● **INFORMATION PROVIDED**
....
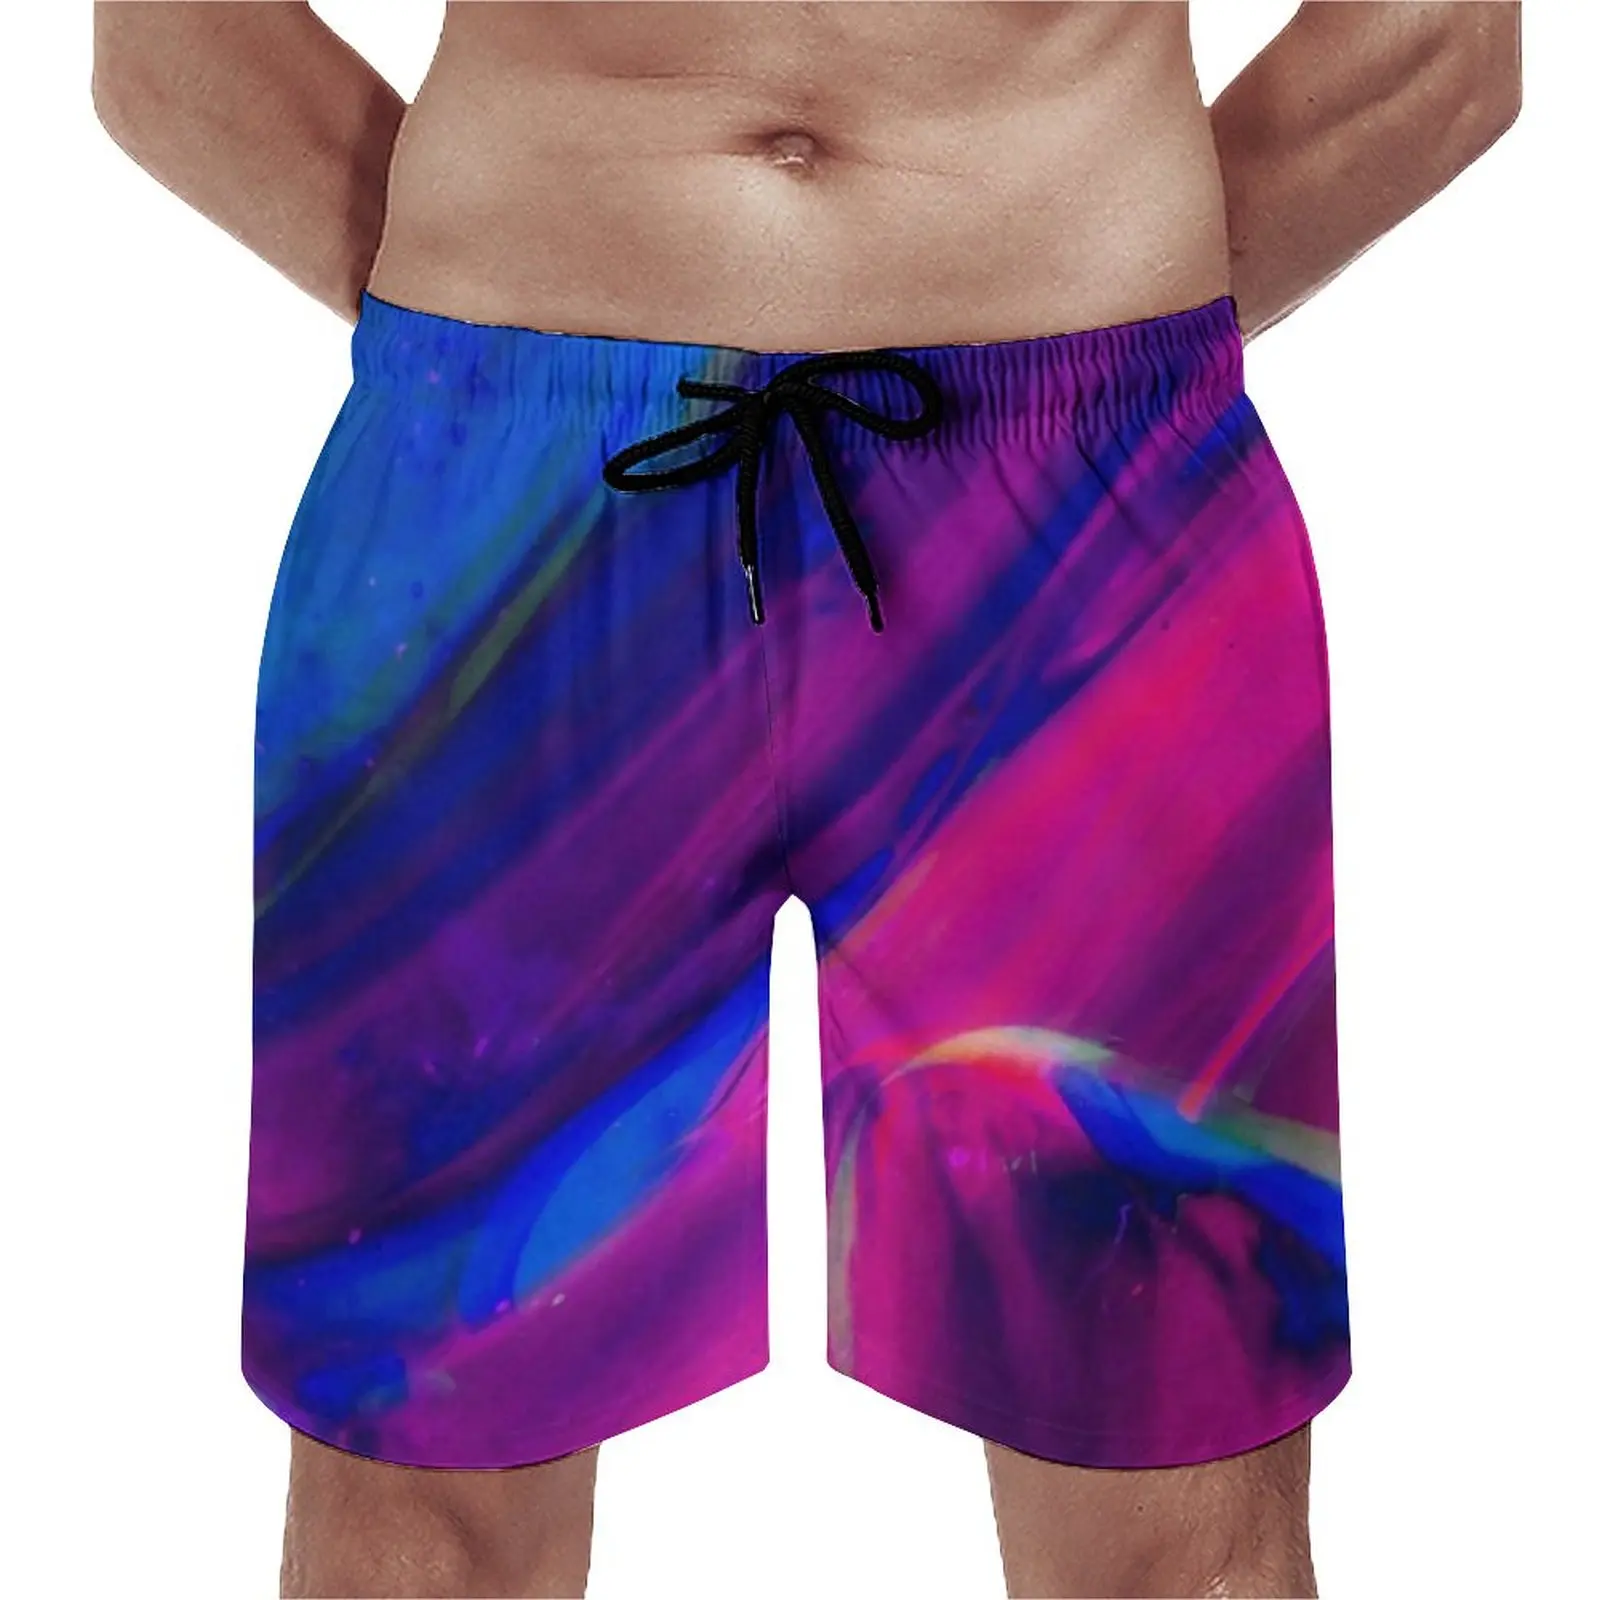 

Abstract Neon Paint Gym Shorts Summer Splatter Art Print Running Beach Shorts Fast Dry Hawaii Design Large Size Swimming Trunks
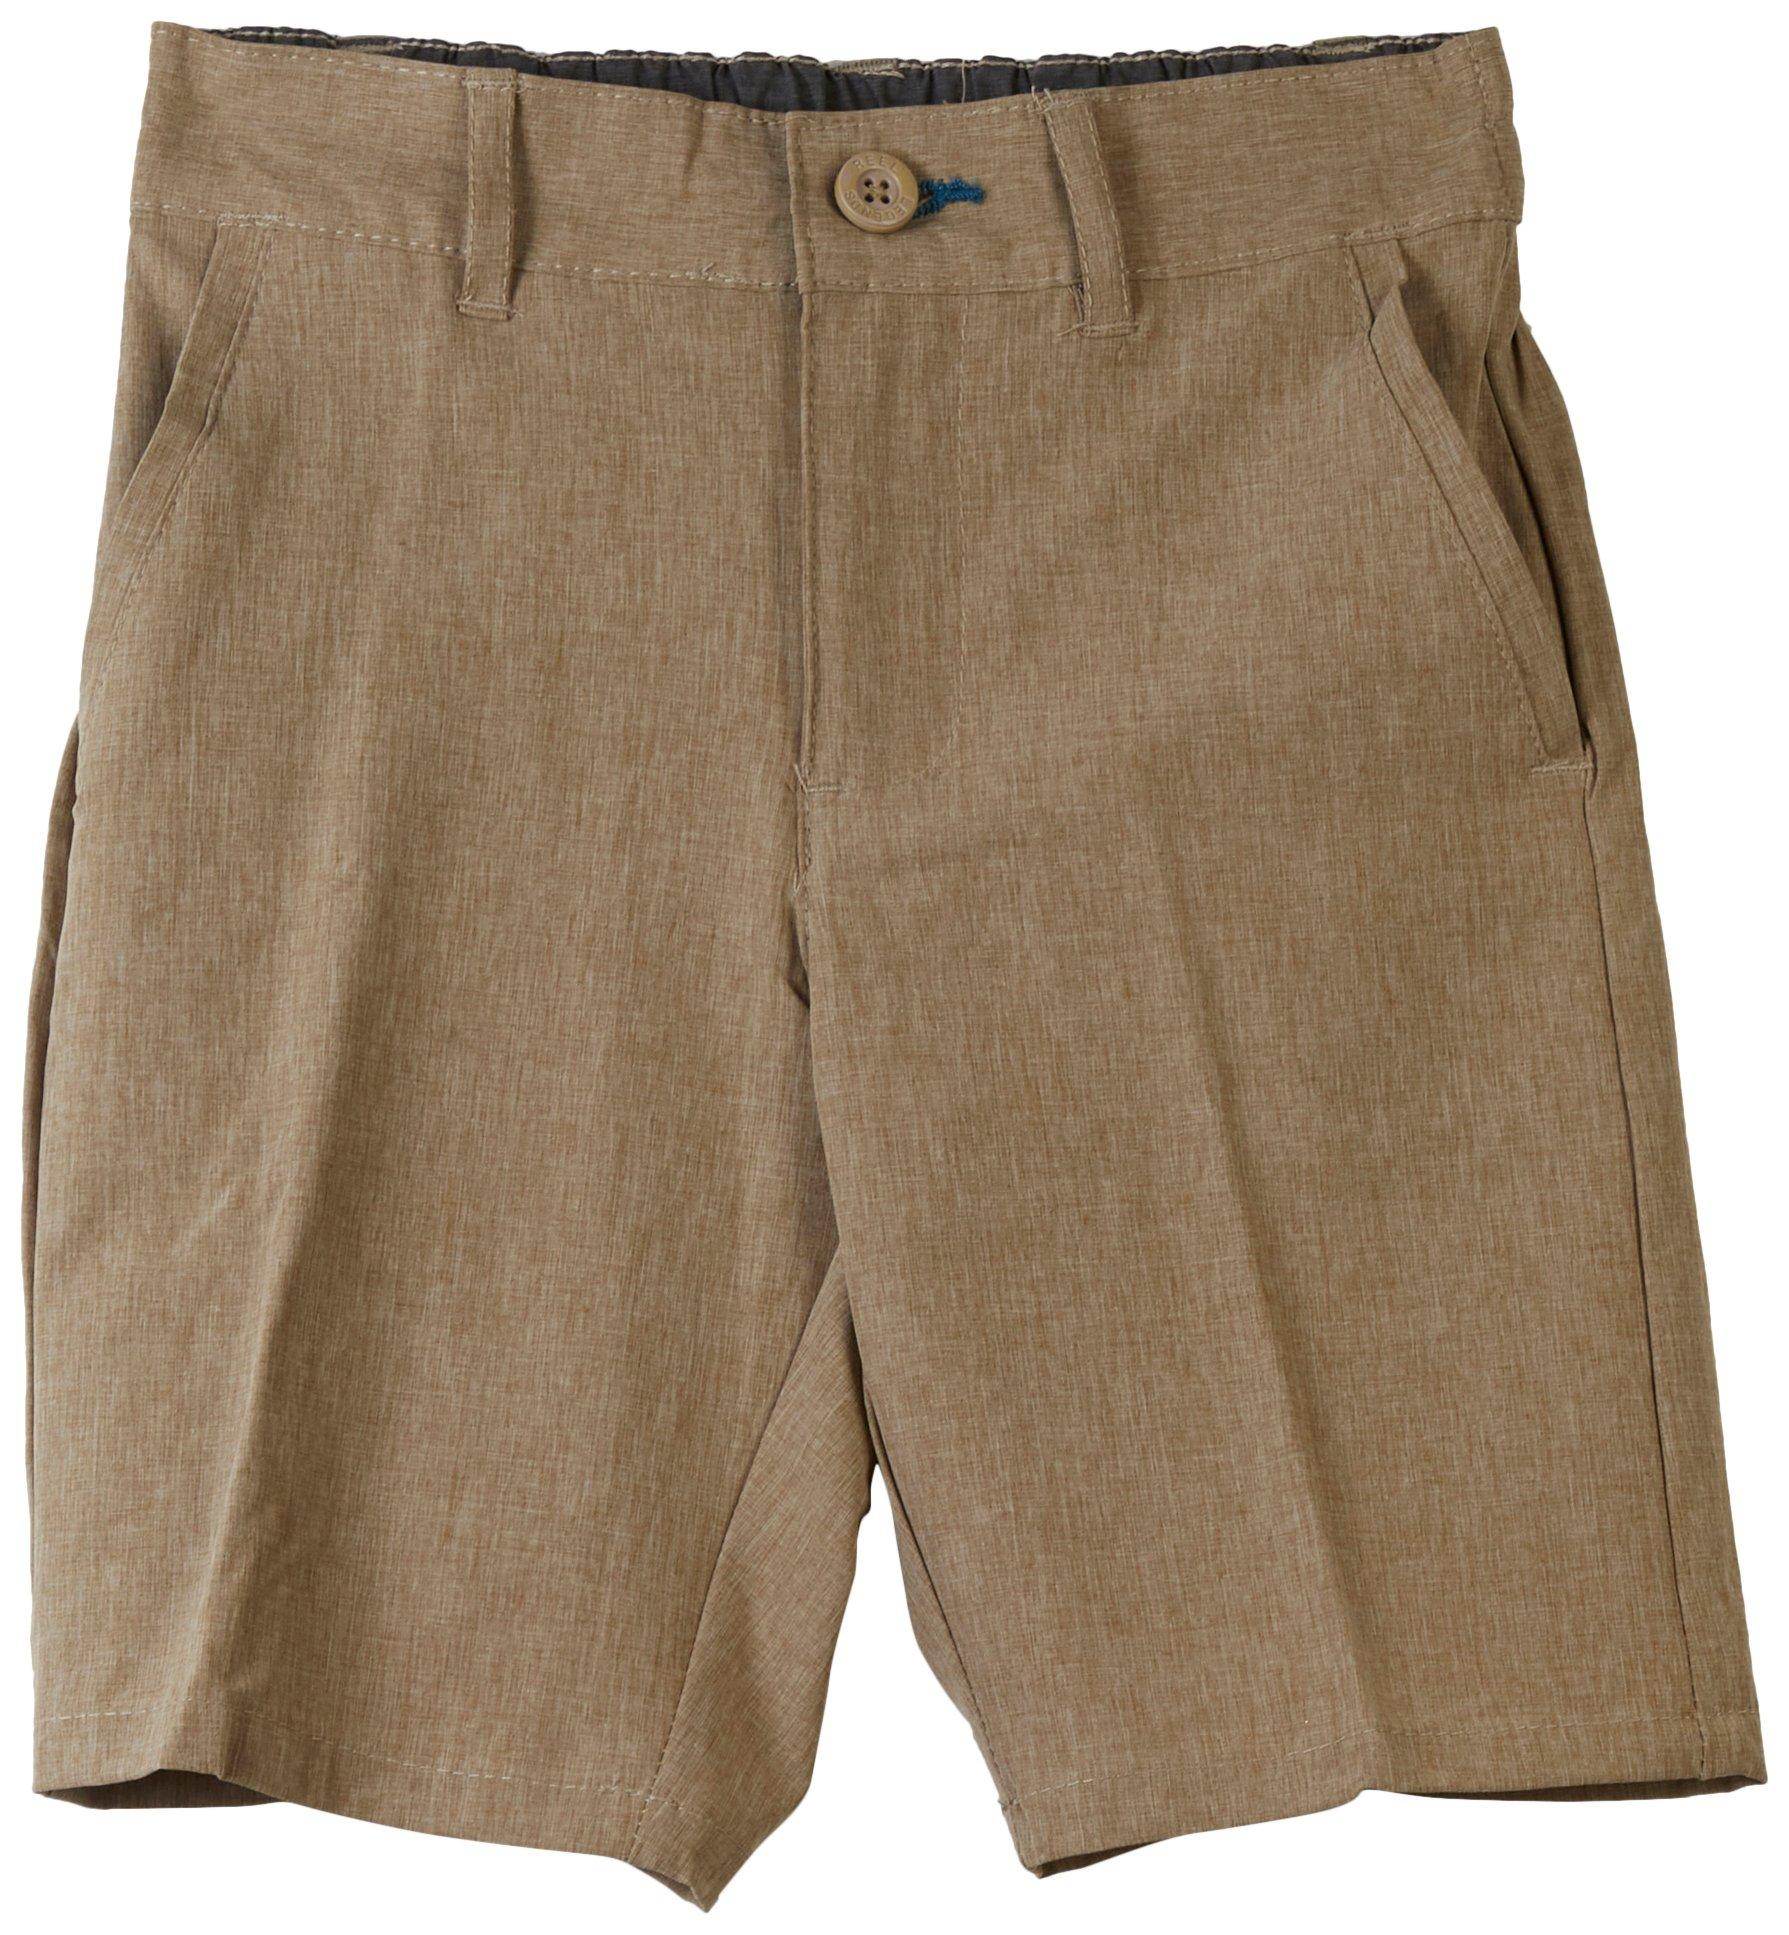 Reel Legends Little Boys 7 in. Solid Hybrid Shorts
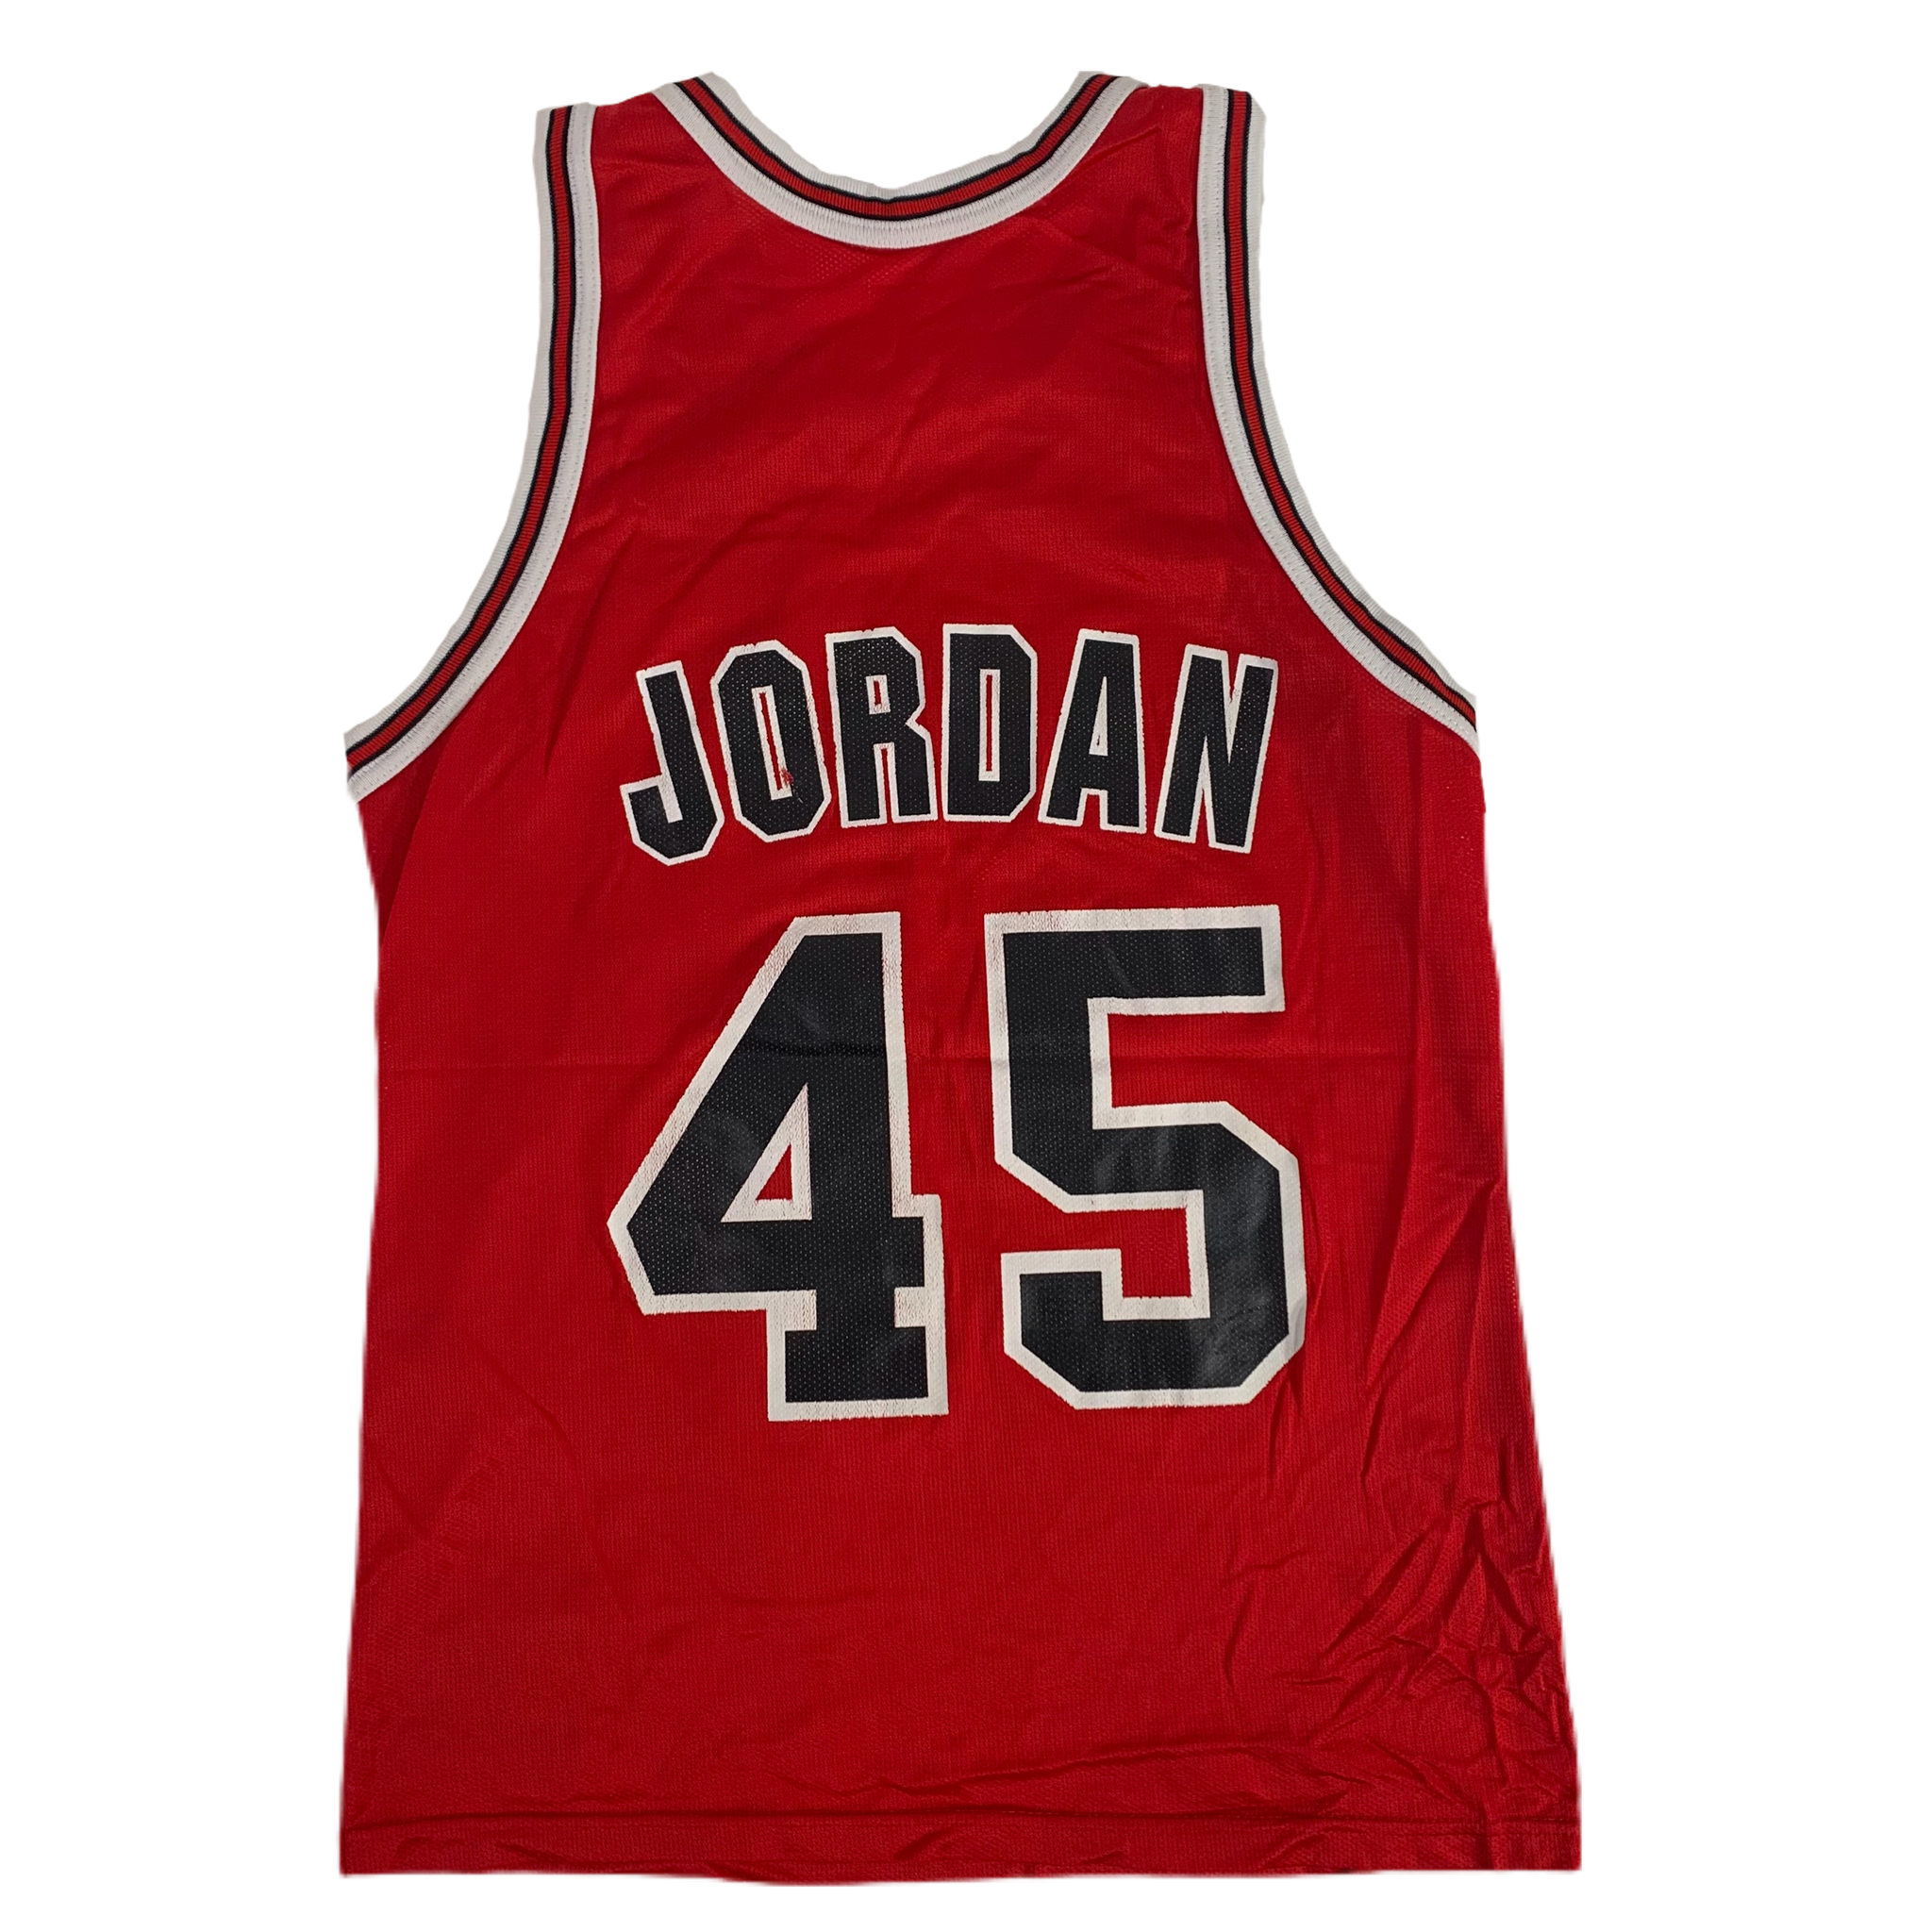 Should The Chicago Bulls Retire Michael Jordan's #45 Jersey
....
● **GOAL OF THE EXERCISE**
Set down the line containing "Reel Legends Little", then every later line through the end of the material, exactly as written; omit any picture.

● **EXPECTED ANSWER**
 Reel Legends Little Boys 7 in. Solid Hybrid Shorts
 Should The Chicago Bulls Retire Michael Jordan's #45 Jersey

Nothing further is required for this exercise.